STORED DATA:
....................
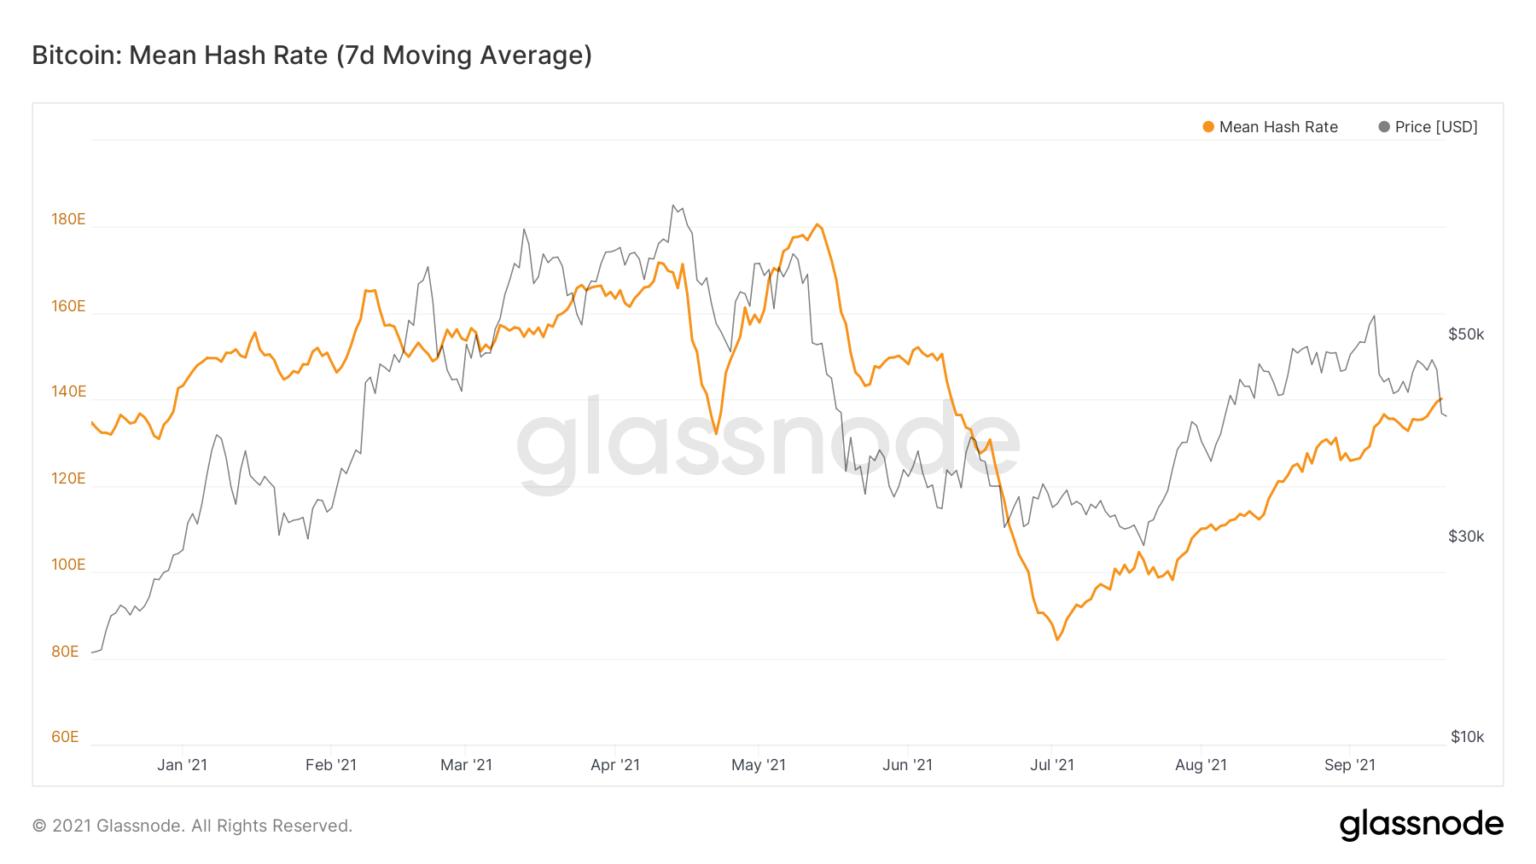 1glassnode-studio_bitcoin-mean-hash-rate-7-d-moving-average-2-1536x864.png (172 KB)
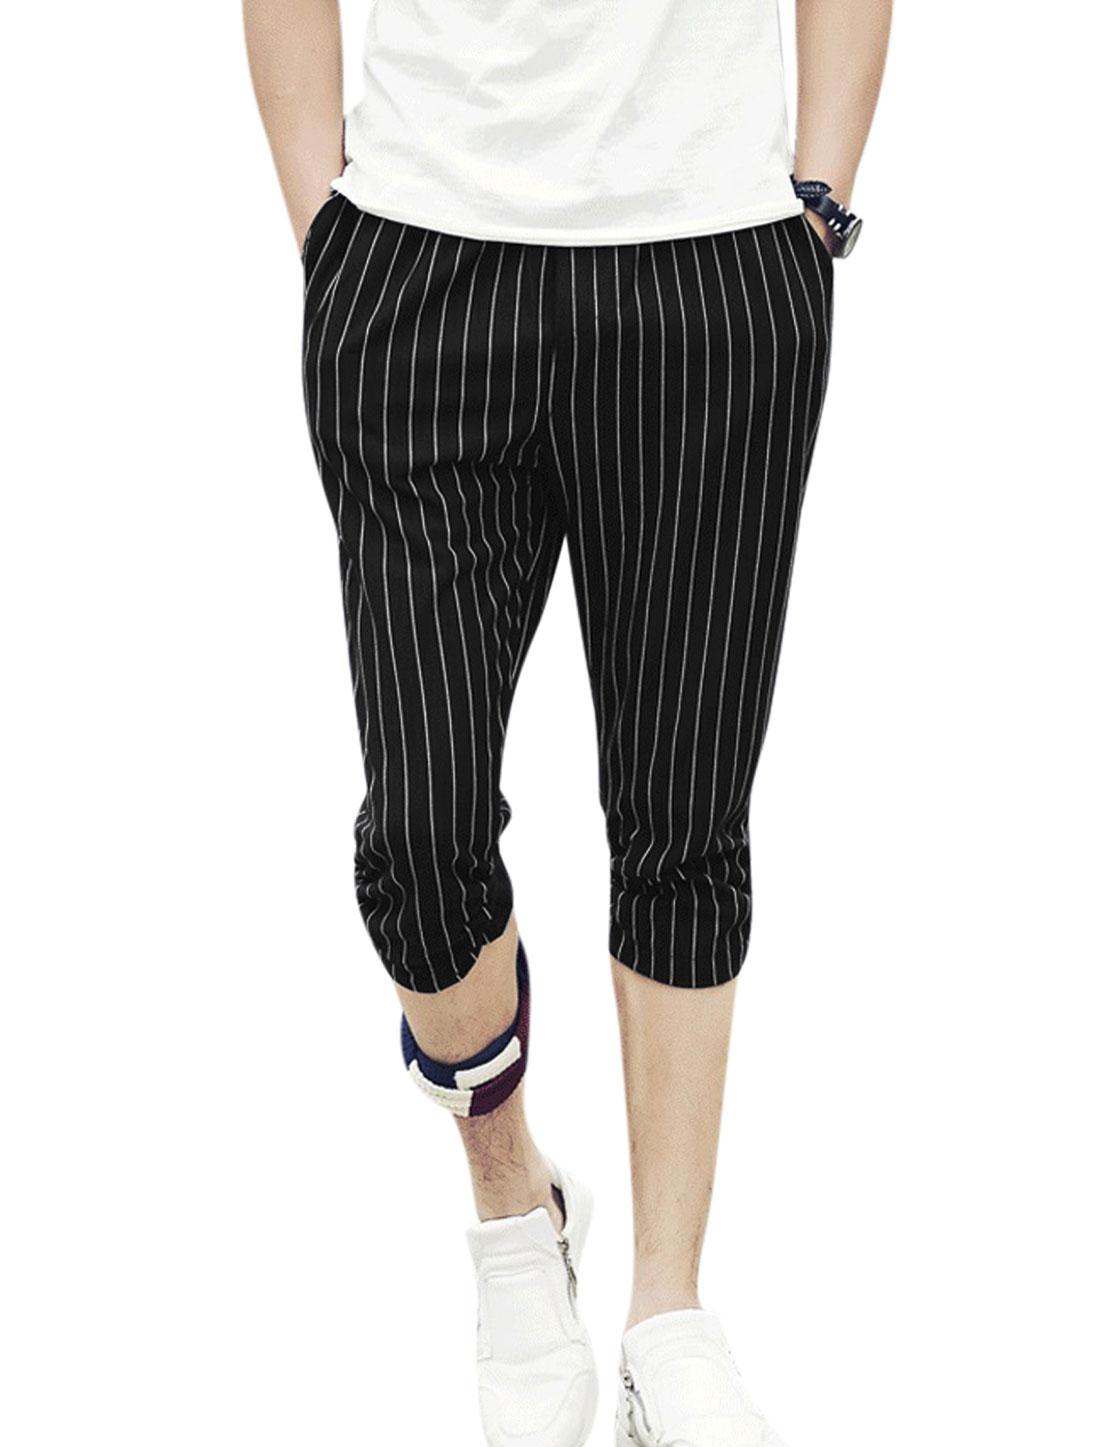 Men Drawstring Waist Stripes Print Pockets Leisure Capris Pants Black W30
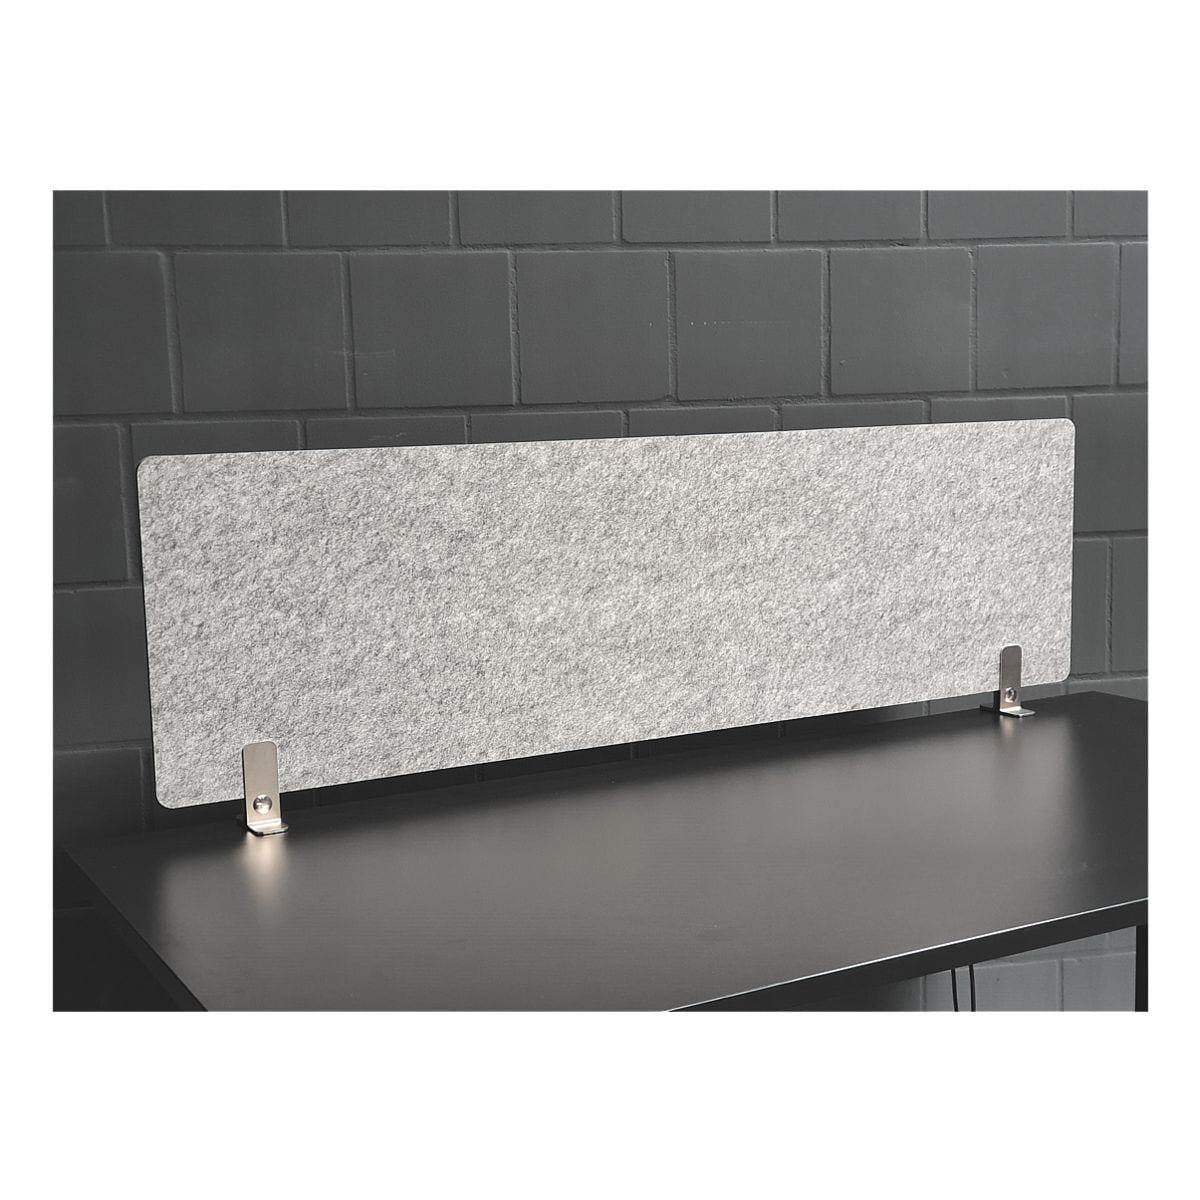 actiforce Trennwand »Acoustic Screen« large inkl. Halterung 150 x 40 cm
....................
EXERCISE REQUIREMENTS: In your copy of the material, every word must match and no image should appear.

RESPONSE AREA:
 1glassnode-studio_bitcoin-mean-hash-rate-7-d-moving-average-2-1536x864.png (172 KB)
 Men Drawstring Waist Stripes Print Pockets Leisure Capris Pants Black W30
 actiforce Trennwand »Acoustic Screen« large inkl. Halterung 150 x 40 cm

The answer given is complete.